With ram I believe the half ton was an extra 5 grand, the 3/4 was 10.5.

My point was comparing a gas vehicle to a diesel. Diesel has more energy per volume, I think it's something like 15 percent. Ontop of that they are more fuel efficient. Not really a fair comparison when you are trying to argue my point that in general bigger heavier vehicles consume more fuel than smaller ones.


----------



## A&E Exteriors (Aug 14, 2009)

Just asked a question


----------



## overanalyze (Dec 28, 2010)

fjn said:


> You may be able to pull it alright,it is the stopping that a 1/2 ton will struggle with.::blink: The breaking ability difference between a 1/2 ton and 3/4 ton pulling the same load is significant. Even if it stops a measly 1 foot faster,that could mean the difference of rearranging the sheet metal on the front end.
> 
> 
> Again,the reason they cost more is 'cause they are worth more !


Agreed if you are constantly towing at full capacity or all day long. I am an occasional tower and with the integrated brake controller it handles stopping just as well as pulling fir my uses.


----------



## sparehair (Nov 21, 2008)

Windycity said:


> Yea how much is that diesel option nowadays?? You have to do alot of towing and driving to make up the cost of getting a diesel...
> 
> No different than trying to decide if it is smart to buy a hybrid, you have to do a lot of driving to make up the additional cost of the hybrid. 95% of the people are actually wasting money paying extra for the hybrid
> 
> ...


Thats the thing. They make it seem like the cost varies from one vehicle to another.

They all cost the same. Higher fuel economy higher price. Lower price more repairs etc etc etc.

In the end it all balances out and then they throw a shovel full of dirt on your face and your dead.



Sent from my SM-N910T using Tapatalk


----------



## Burkman (Oct 14, 2012)

*No titan xd!*

DO NOT BUY THE TITAN XD CUMMINS! TOTAL PIECE OF CRAP! I bought a new Platinum Reserve in December of 2016 and I hate it! Terrible decision. It drives rough and clunky. It shifts so hard, up and down, that you think its going to drop the tranny out. It idles rough and makes odd intermittent droning noises. Terrible fuel mileage: 13-14 City, 18-20 Hwy. I have to be honest though: it pulls a trailer like a beast. I only haul 7500lbs and it pulls it like a rag doll. I can set the cruise at 80MPH on the highway and it doesn't even flinch. Other than that: total crap.

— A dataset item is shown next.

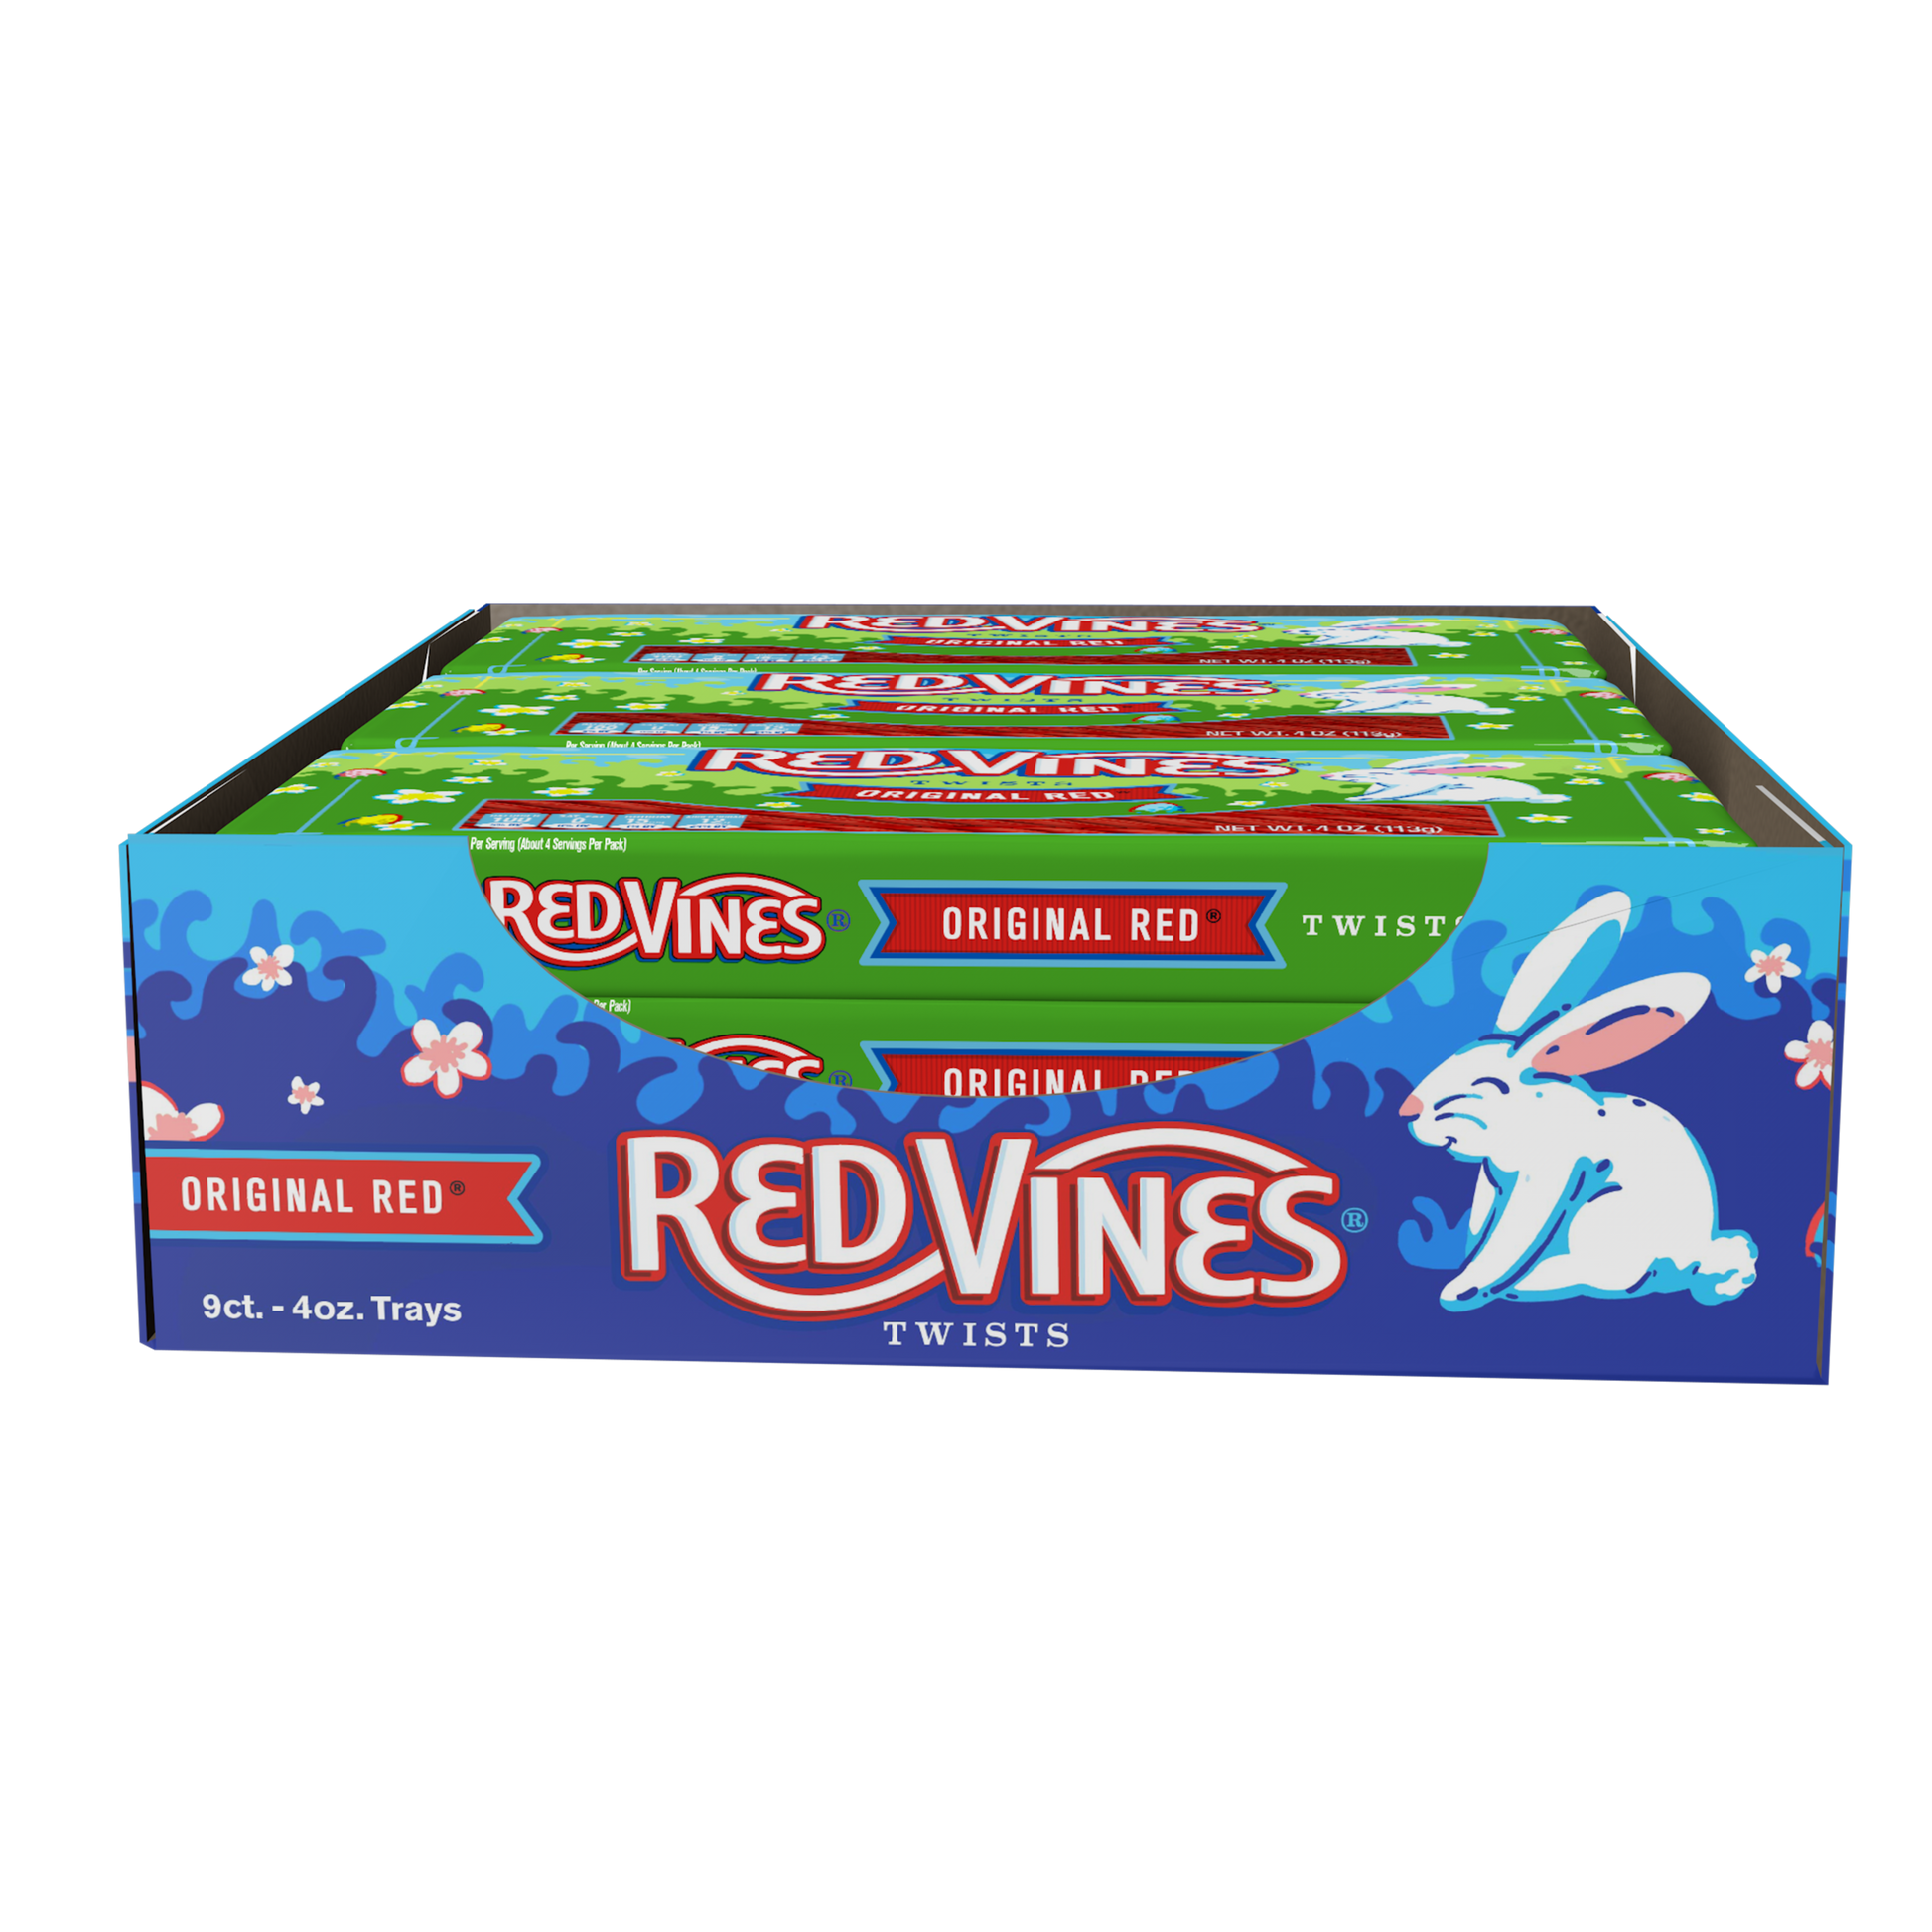 9 count box of RED VINES Easter Candy 4oz Trays

I am getting rid of it and going back to an F150. Actually, the only reason I got on here was to see how guys were liking their 2015+ Ecoboosts. I think that is the best option for me right now. Loved my 2005 F150 and I miss the ride quality.


----------



## Inner10 (Mar 12, 2009)

Burkman said:


> DO NOT BUY THE TITAN XD CUMMINS! TOTAL PIECE OF CRAP! I bought a new Platinum Reserve in December of 2016 and I hate it! Terrible decision. It drives rough and clunky. It shifts so hard, up and down, that you think its going to drop the tranny out. It idles rough and makes odd intermittent droning noises. Terrible fuel mileage: 13-14 City, 18-20 Hwy. I have to be honest though: it pulls a trailer like a beast. I only haul 7500lbs and it pulls it like a rag doll. I can set the cruise at 80MPH on the highway and it doesn't even flinch. Other than that: total crap.
> 
> I am getting rid of it and going back to an F150. Actually, the only reason I got on here was to see how guys were liking their 2015+ Ecoboosts. I think that is the best option for me right now. Loved my 2005 F150 and I miss the ride quality.


:thumbsup:

Thank you I was close to buying it!


----------



## A&E Exteriors (Aug 14, 2009)

Burkman said:


> DO NOT BUY THE TITAN XD CUMMINS! TOTAL PIECE OF CRAP! I bought a new Platinum Reserve in December of 2016 and I hate it! Terrible decision. It drives rough and clunky. It shifts so hard, up and down, that you think its going to drop the tranny out. It idles rough and makes odd intermittent droning noises. Terrible fuel mileage: 13-14 City, 18-20 Hwy. I have to be honest though: it pulls a trailer like a beast. I only haul 7500lbs and it pulls it like a rag doll. I can set the cruise at 80MPH on the highway and it doesn't even flinch. Other than that: total crap.
> 
> I am getting rid of it and going back to an F150. Actually, the only reason I got on here was to see how guys were liking their 2015+ Ecoboosts. I think that is the best option for me right now. Loved my 2005 F150 and I miss the ride quality.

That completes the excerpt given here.